I spoke with Liz in 2012 regarding an upcoming beauty and ageing article for online magazine, Golden Pen Magazine. A link to the article will be posted once it’s published; below are some of my questions to Liz.
Do you think all women have an inner need to feel beautiful? Why?
I can’t answer for all women but I think a majority do. As little girls we are so often admired for being beautiful and encouraged to think that it’s really important for a girl or woman – more important than anything else. The current media landscape constantly reiterates this – we are surrounded by images of very young, very beautiful women and messages of the importance of perfect physical beauty and sexiness. Beauty is seen as something purely physical and often very superficial – in other words – something that can be achieved with cosmetics and cosmetic procedures and surgery. The idea that true beauty comes from within seems to have got lost – crushed under the steamroller of marketing by the beauty and fashion industries.
How do concepts of beauty change as women get older? Is there a mythical age in which women go “downhill”?As women age they are encouraged to cling to a ridiculous idea that beauty means youthful. So it’s easy for them to get caught up in attempts to stay young rather than trying to look good at the age they are. I’d argue that women don’t go downhill, in fact they get better and better especially if they are able to overcome the pressures to cling to youth, step into age, and be at peace with themselves. That’s when inner beauty shines through. But I do think women begin to feel invisible – if they don’t conform to the unrealistic images of ‘beauty’ that they see around them. It happens around 50 for most but lots of women have written to me to say that they began to feel it in their early or mid-forties.
How do you address this in In the Company of Strangers and other books?
I focus on midlife as a time of positive change and opportunity in which we can make choices about how we want to be as older women. I try to make the rich and rewarding lives of older women visible and to display the variety, the challenges, the heartaches and the enormous joy and wisdom of older women which all contribute to the texture of their lives and their true beauty.
Which woman (or women) best embody to you the beauty of ageing?
- Dame Judy Dench – actor
- Mary Robinson – Former President of Ireland and UN Commissioner for Human Rights
- The late Margaret Olley – artist
- Dame Vanessa Redgrave – actor
- Lowitja O’Donaghue – AM CBE Aboriginal leader and public administrator.
- Ruth Reid – Community leader and activist, patron of the arts and widow of former Governor of WA Professor Gordon Reid.
Do you agree with the idea that it’s attitude, not age, that counts? Yes.
Do you think women have become complacent?
I think there is a tendency among some young women to think that they will always be able to stay looking young and beautiful thanks to the beauty industry, so there is some complacency about that. Then when they face the first signs of age they panic. I think young women also think that feminism is irrelevant because the battles have been won. They haven’t and the rise of a particularly nasty form of sexism that attacks prominent women always on the basis of their sex than than on issues may, I hope, start to change this. I’m generalising and of course what I say doesn’t apply to every woman, but certainly women in mid- and later life are anything but complacent, they are determined to make the most of the second half of their lives, and seek opportunities to do things they didn’t have the chance, the time, or the money they did in their youth. They are energetic, determined and altruistic and enjoying the challenge of ageing.

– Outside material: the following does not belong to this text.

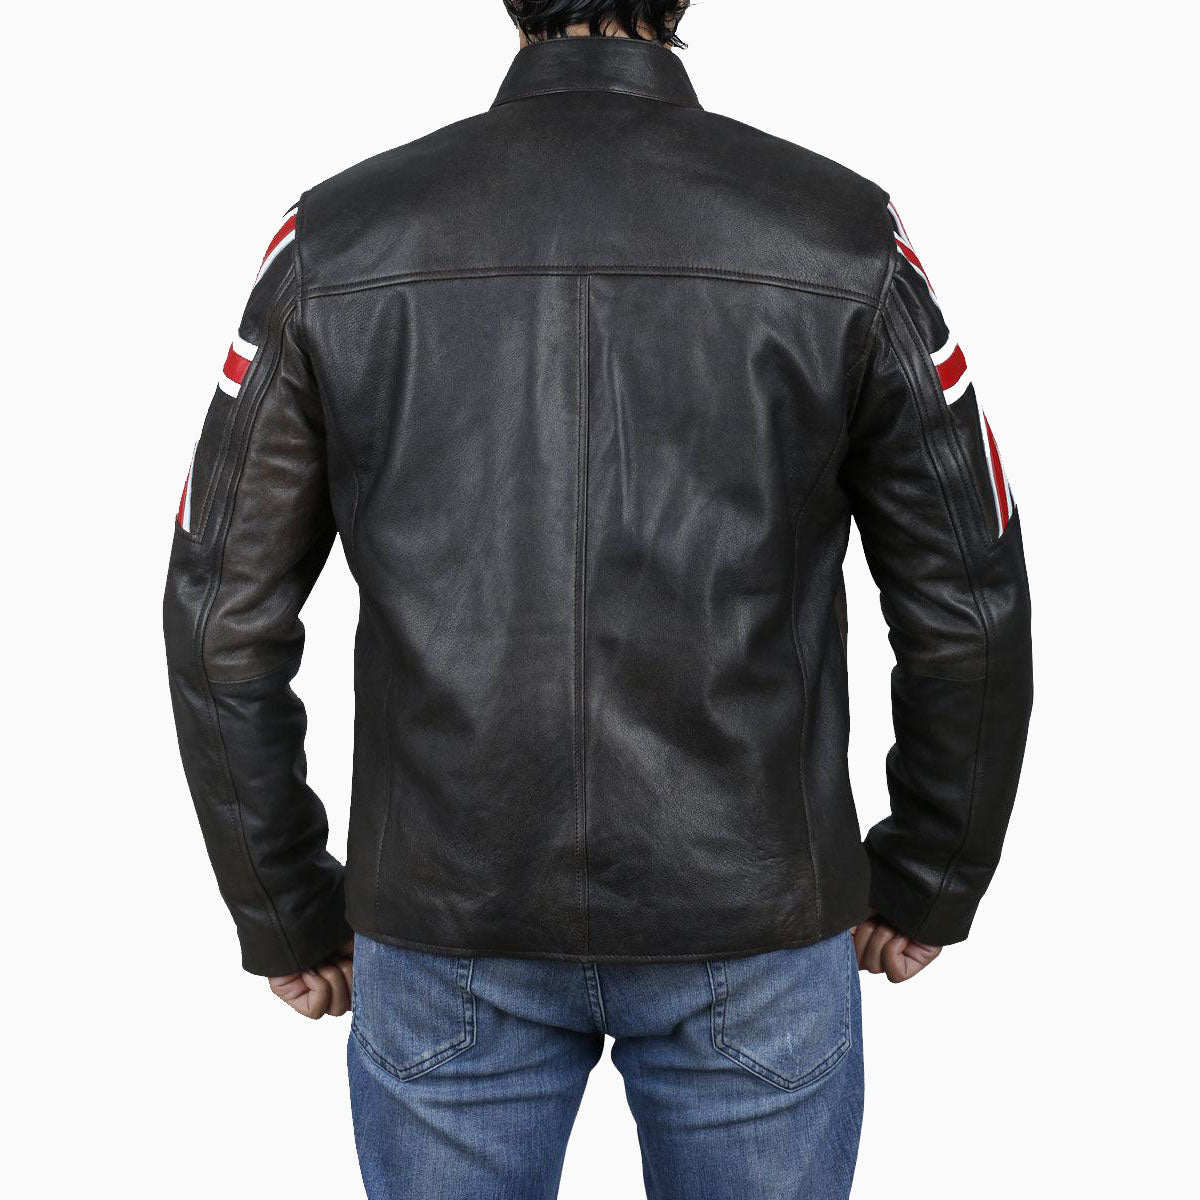 Men's Brown Leather Jacket with UK Flag Sleeves
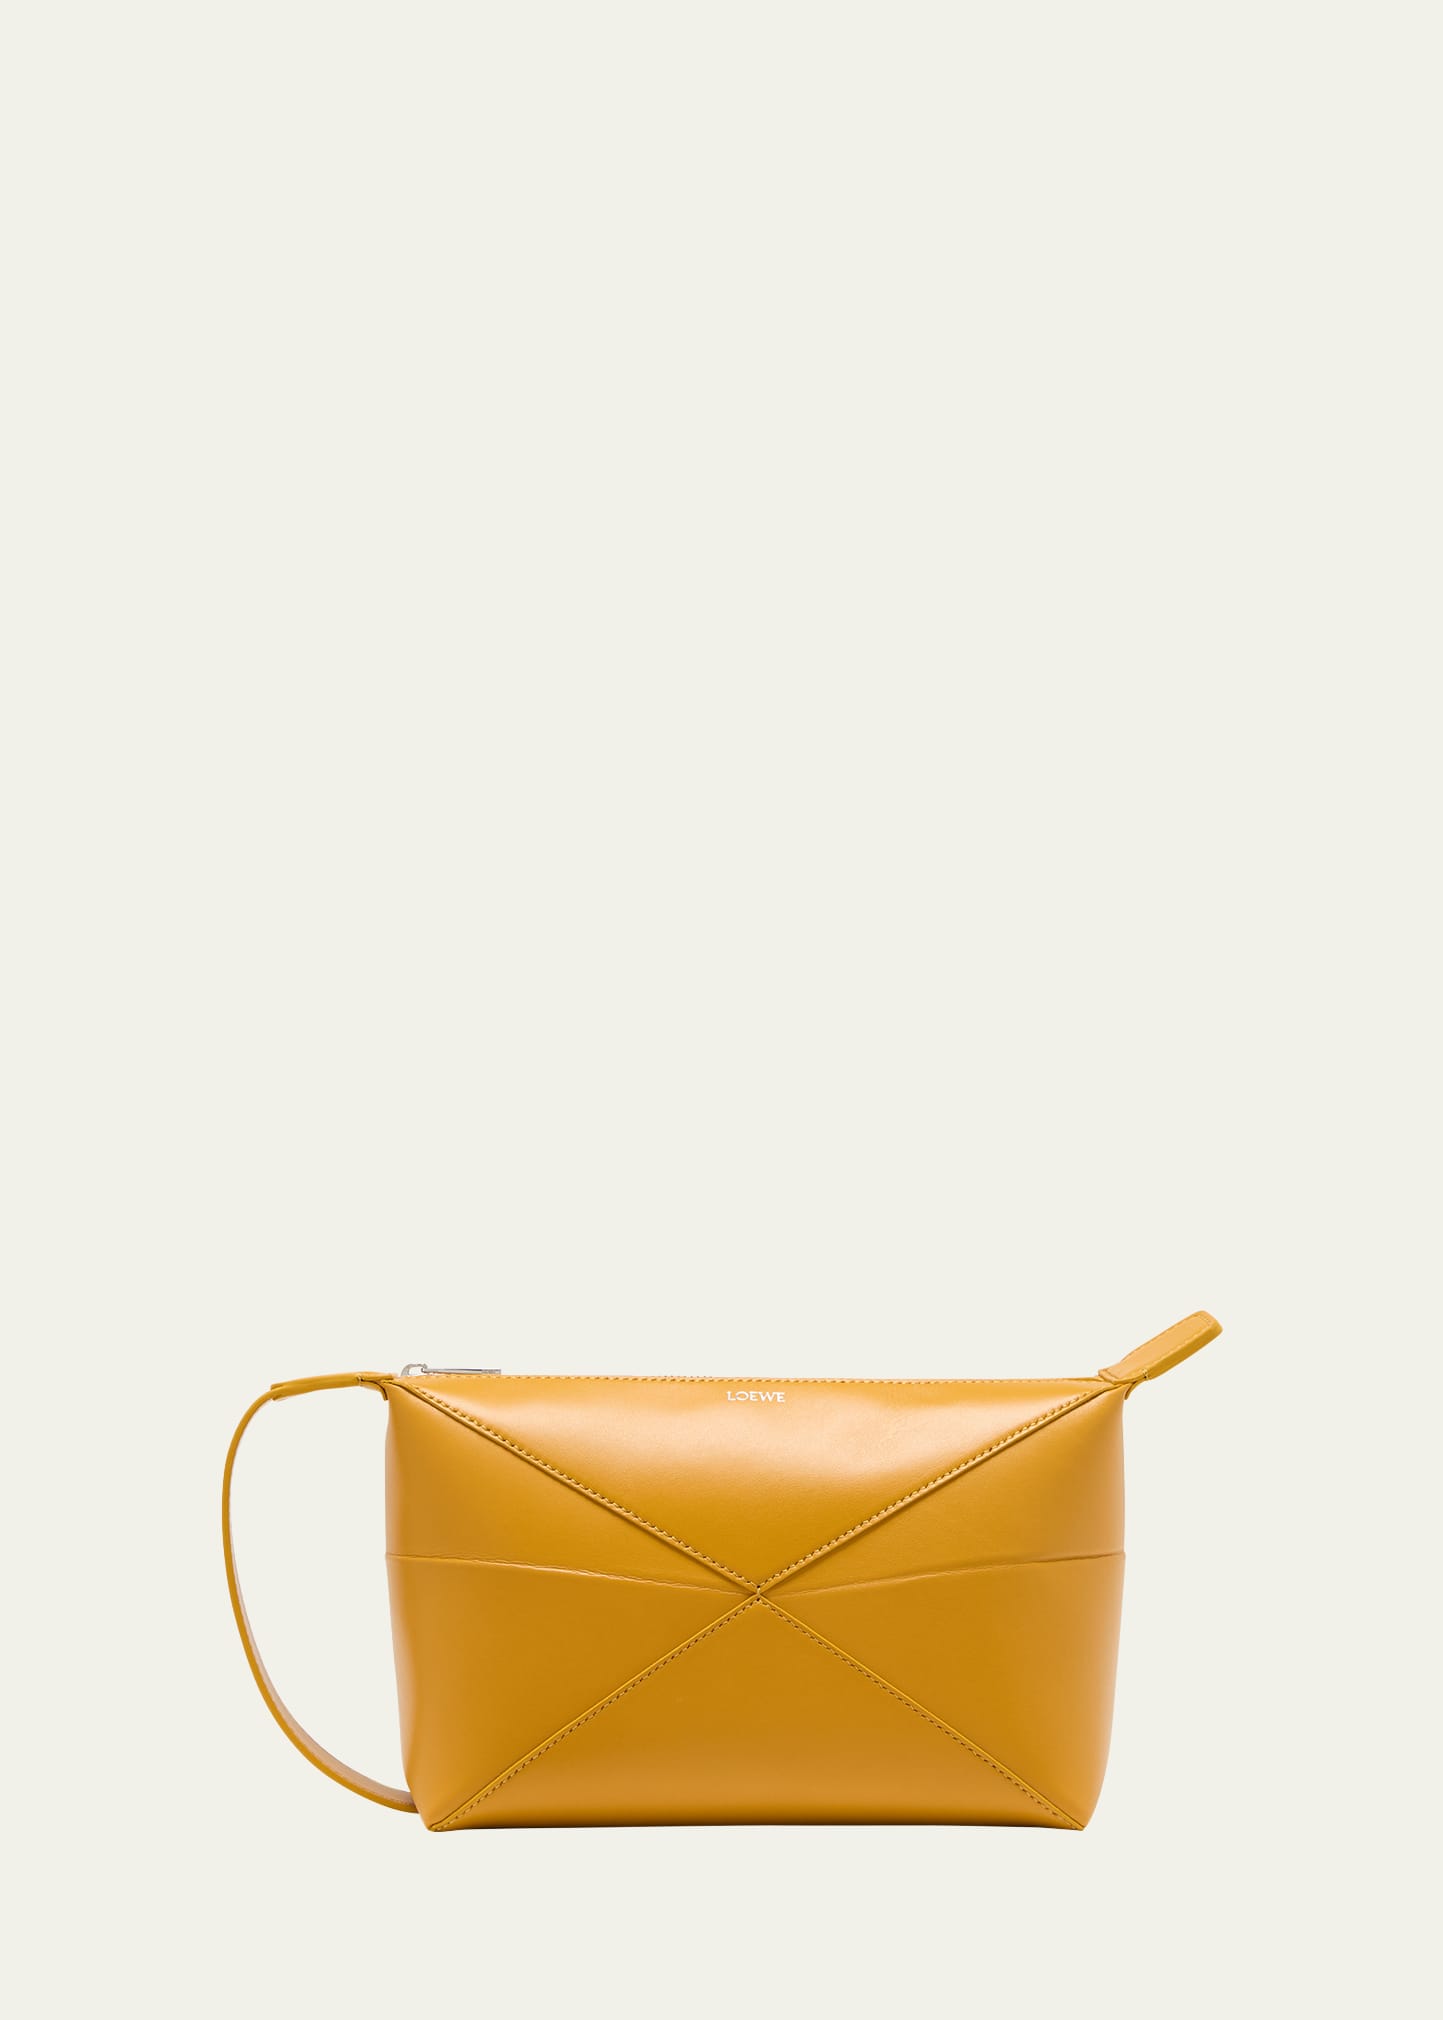 Loewe Men's Puzzle Fold Leather Toiletry Bag In Sunflower

What sort of reaction do you get to your books from readers? What kind of issues resonate with them the most? My readers range from teenagers to women in their nineties and a surprising number of men. Older women love the fact that they can read about women like themselves. They often say the books make them feel as though their lives are being noticed and valued. Sometimes they say a book has given them courage or ‘permission’ to change, to recognise that ageing is an opportunity rather than something that must simply be tolerated. They enjoy to read books that actually deal with things they are dealing with: adult children and grandchildren, ageing parents, floundering relationships, a sense of invisibility, starting new relationships at midlife, returning to work or study, finding new directions in later life, and adjusting to ageing. Young women tell me that the books have shown them that life after fifty can be fun, fulfilling and filled with opportunity. They say they find confidence and enthusiasm for ageing rather than seeing it as a something to fight and fear. And women and girls of all ages love the celebration of female friendships.
Which book/s are you reading now?
I’m re-reading some women’s fiction from the period of the 1930s –1959 for an academic paper I’m writing. So, currently on my bedside table are The Echoing Grove by Rosamund Lehmann, At Mrs Lippincote’s and A Wreath of Roses by Elizabeth Taylor, The Heat of the Day by Elizabeth Bowen and The Greengage Summer By Rumer Godden.
Judy Dench (actor) Mary Robinson (Former President of Ireland and UN Human Rights Commissioner) Doris Lessing (writer) Ruth Reid (community leader and volunteer) Shirley Williams (former British MP).